There are three general mechanisms by which an object can release heat energy: conduction, convection and radiation. In conduction, heat is transferred within a substrate. In convection, a hot region of a gas or liquid moves away from the source of heat and is replaced by cool media. In radiation, energy is emitted as photons or electromagnetic waves without a medium.
Heat dissipation is a significant concern for electronic devices. Poor thermal management can reduce the efficiency and performance of electronic devices. For example, overheating may cause displays to be dimmer and processors to operate more slowly. Extended overheating can impair reliability, cause device malfunctions and may ultimately result in premature device failure. Heat generation may also cause discomfort to users of portable electronic devices because the heat generated within the device can raise the surface temperature and injure the user's skin.
Conduction and convection have been extensively used for thermal management of electronic devices. Heat sinks are well-known devices that provide conductive cooling. Convective cooling is typically achieved with mechanical fans. Conduction and convection may be paired together, such as by including heat sinks and mechanical fans within the tower of a desktop computer.
Conduction and convection are often not suitable for small electronic devices due to the sizes of the conductive and convective cooling devices. Devices such as heat sinks and mechanical fans occupy a large proportion of the available space in electronic devices and are difficult to physically integrate into smaller items such as cellular phones, LEDs and tablet computers.
A film that dissipates heat of a surface to which it is applied by enhanced radiative cooling, referred to as a “molecular fan”, has been previously described in U.S. Pat.
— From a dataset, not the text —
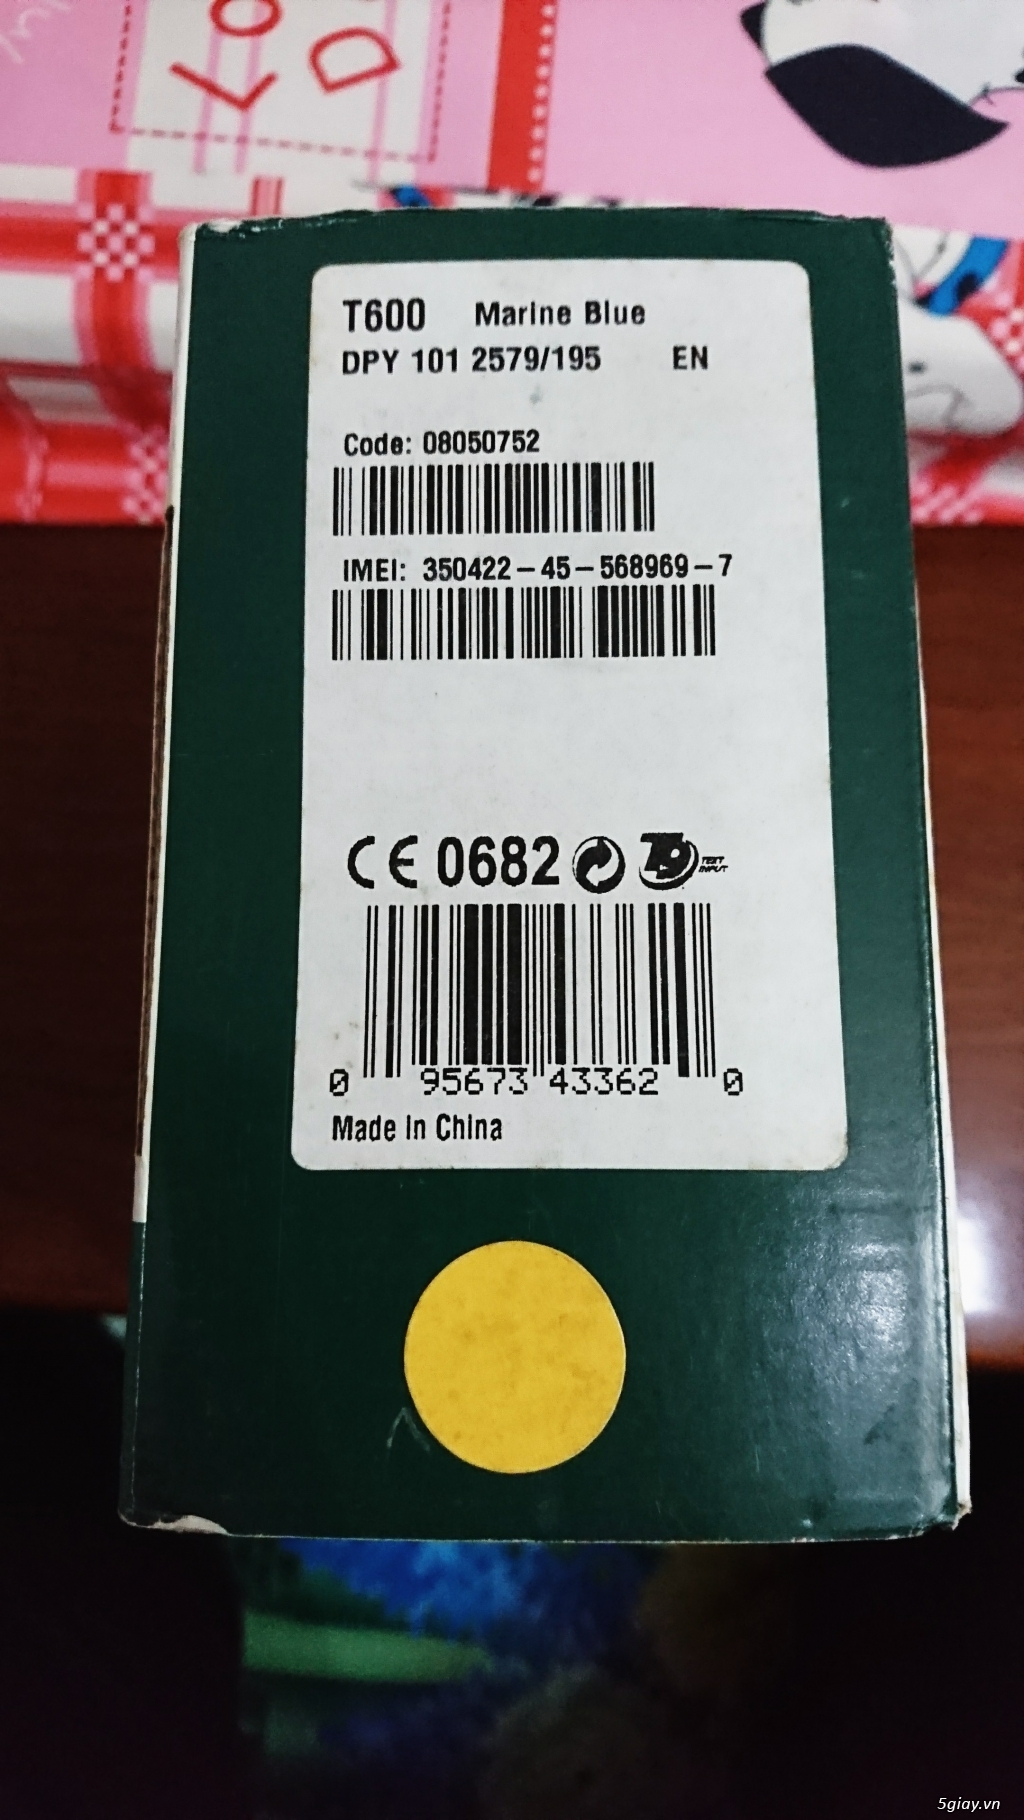 Sony ericsson T600 vị thần tí hon - fullbox new 99% - 2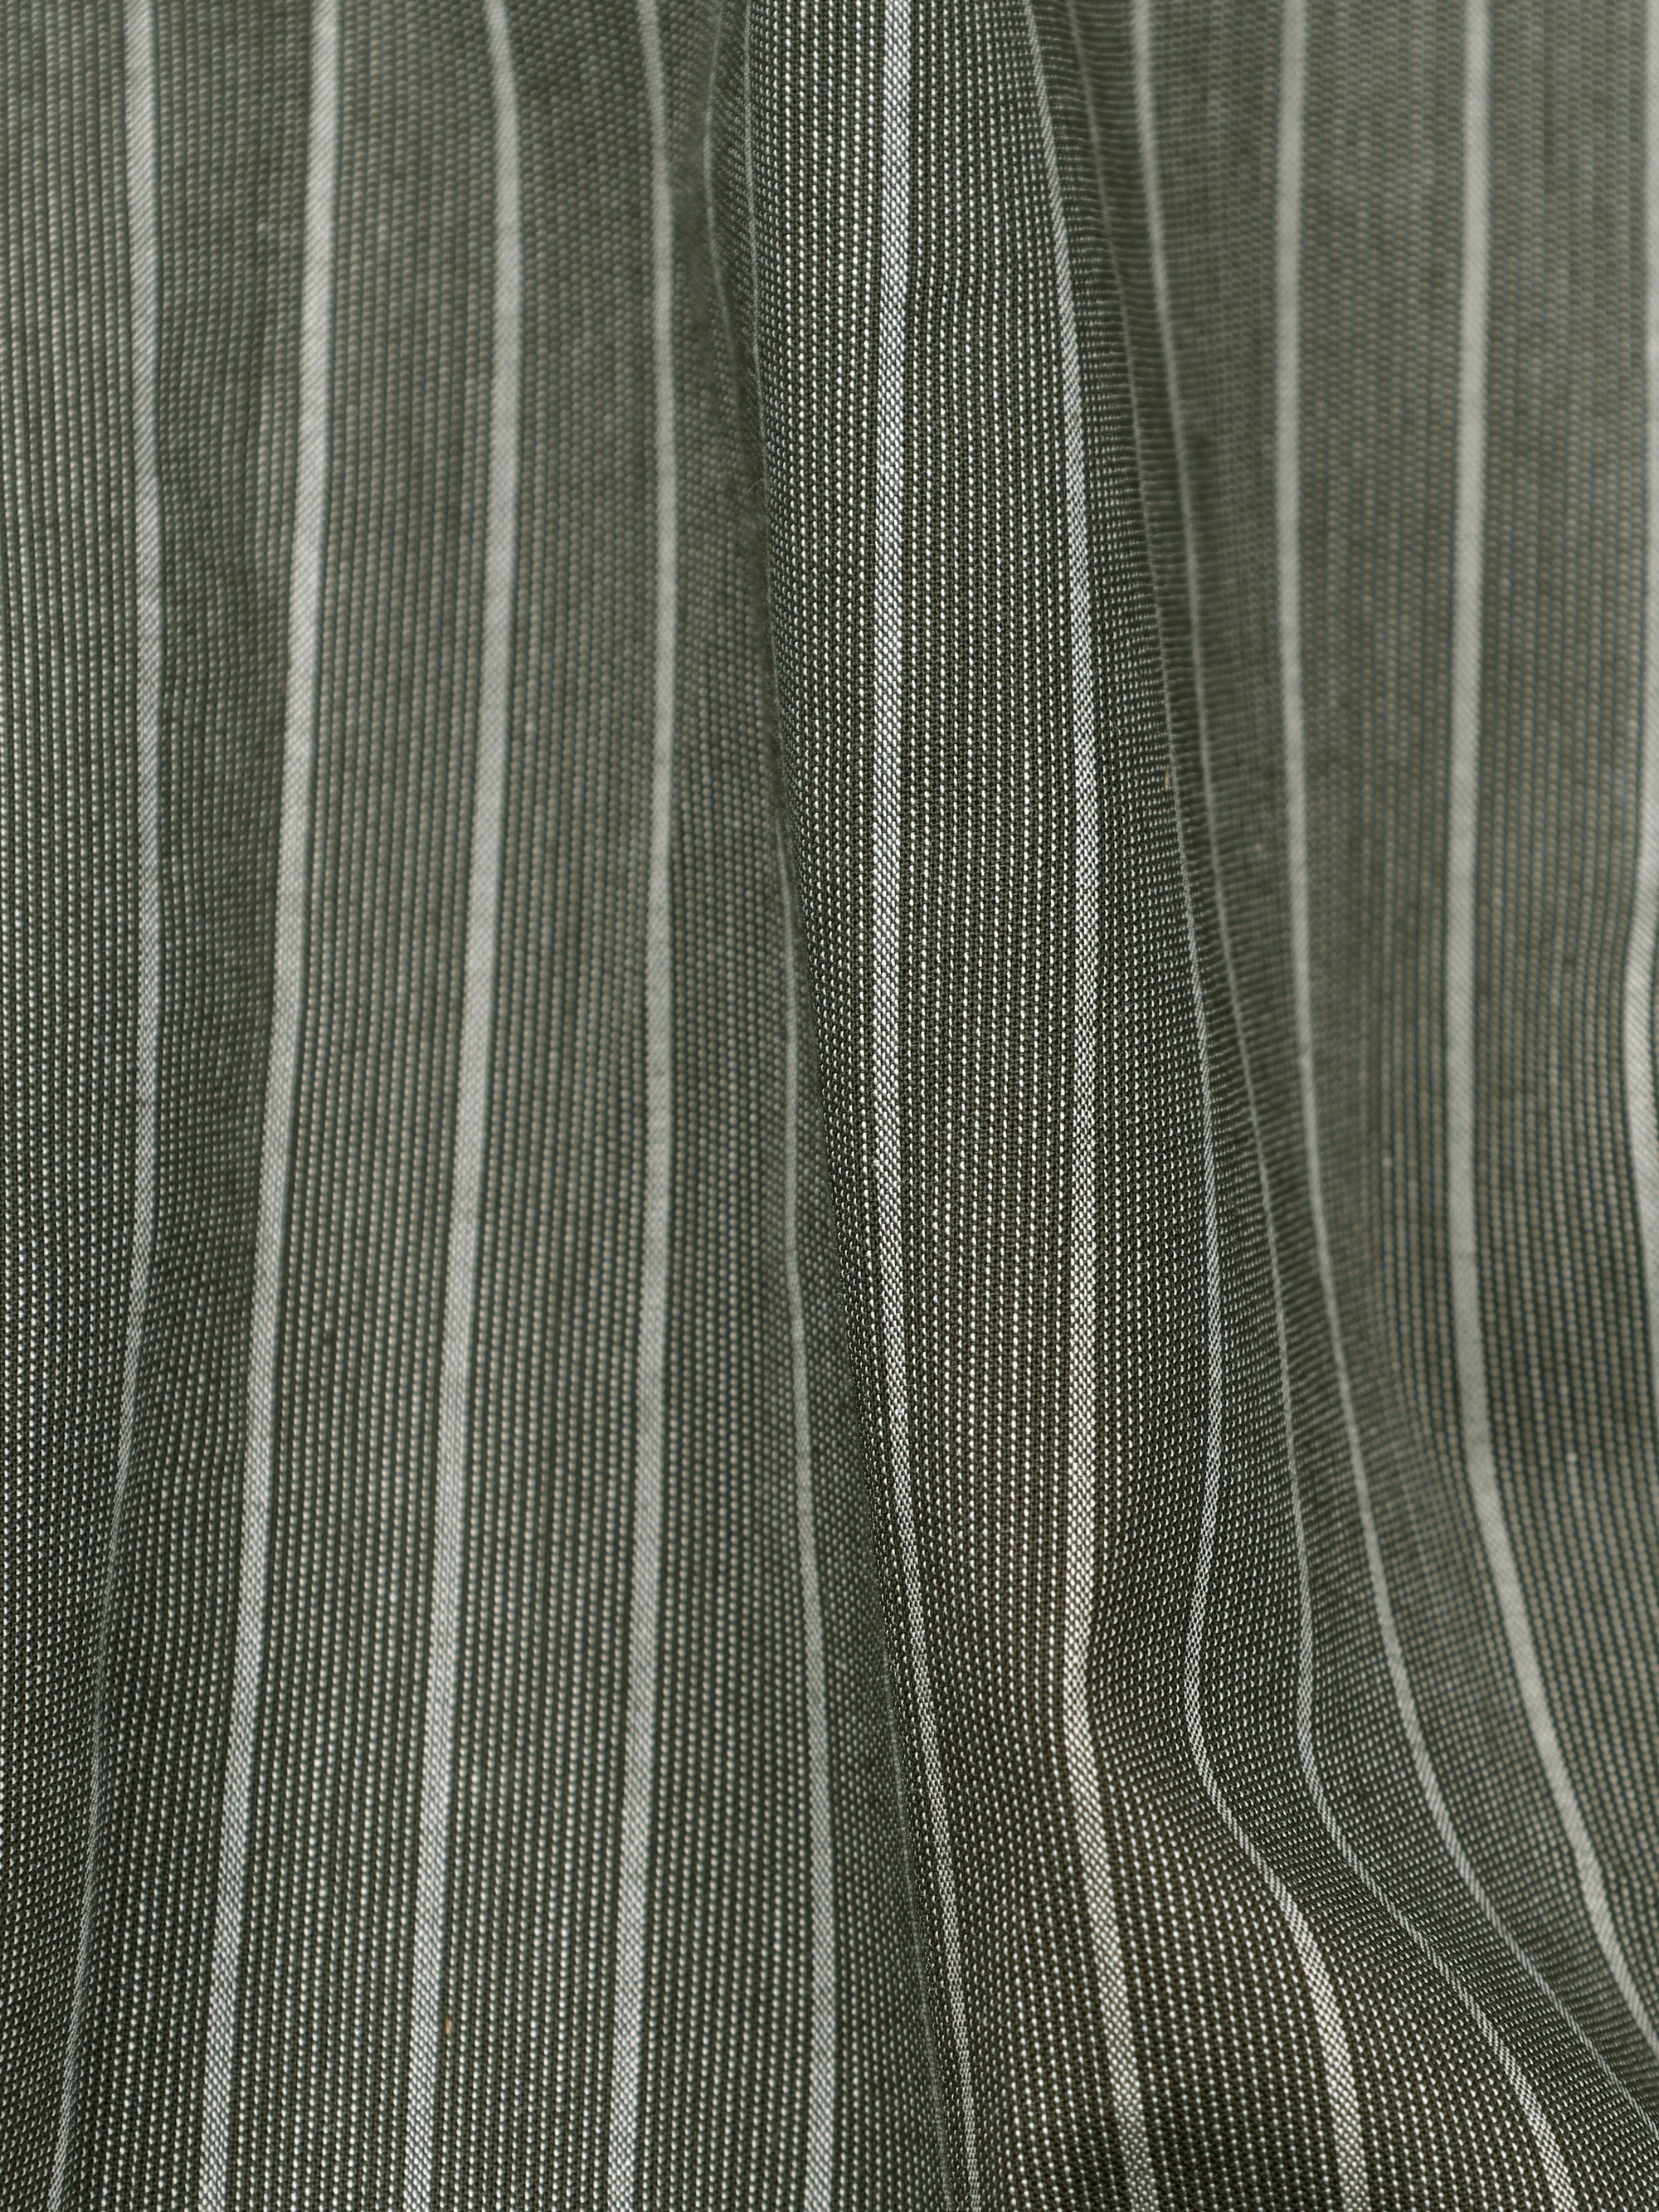 Green Smoke With White Striped Textured Premium Cotton Shirt

Nos. 7,931,969 and 8,545,933 as a heat dissipation device for use in electronic devices. A molecular fan is a coating that may be applied to a surface to increase substrate surface emissivity and thus to enhance “active” heat dissipation by radiation. The molecular fan takes advantage of the high emissivity in the infra-red of discrete molecules (as opposed to extended solids) which result from transitions between different vibrational states. The molecular fan includes particles to increase surface area, and materials on the surface of the coating that will radiate infra-red light as they transition between different vibrational states. An emulsion that hardens upon curing is also included in a molecular fan coating material, to adhere the particles and other materials on the surface being coated. The molecular fan coating provides good surface hardness, provides resistance to fingerprints, inhibits corrosion and is easy to clean.
Thermal management becomes even more difficult in environments where air is unable to freely circulate, thus inhibiting convection. Confined spaces produce a pocket of air, referred to as an “air gap”, which acts as an insulator and traps heat. The tendency of manufacturers to produce smaller and thinner electronic devices concentrates the heat generated by the internal components and promotes the formation of these insulating air gaps. Insulating air gaps can also be formed in locations where electronic devices are mounted.
Various cooling techniques that have been used in small electronic devices include heat pipes, phase change materials (PCMs), Peltier devices, microscale ionic “winds” and heat spreaders (sheets or films of substances with relatively high thermal conductivity such as metals and graphite). These cooling techniques were found to provide insufficient heat dissipation, and to be too expensive or complicated to manufacture for commercial use.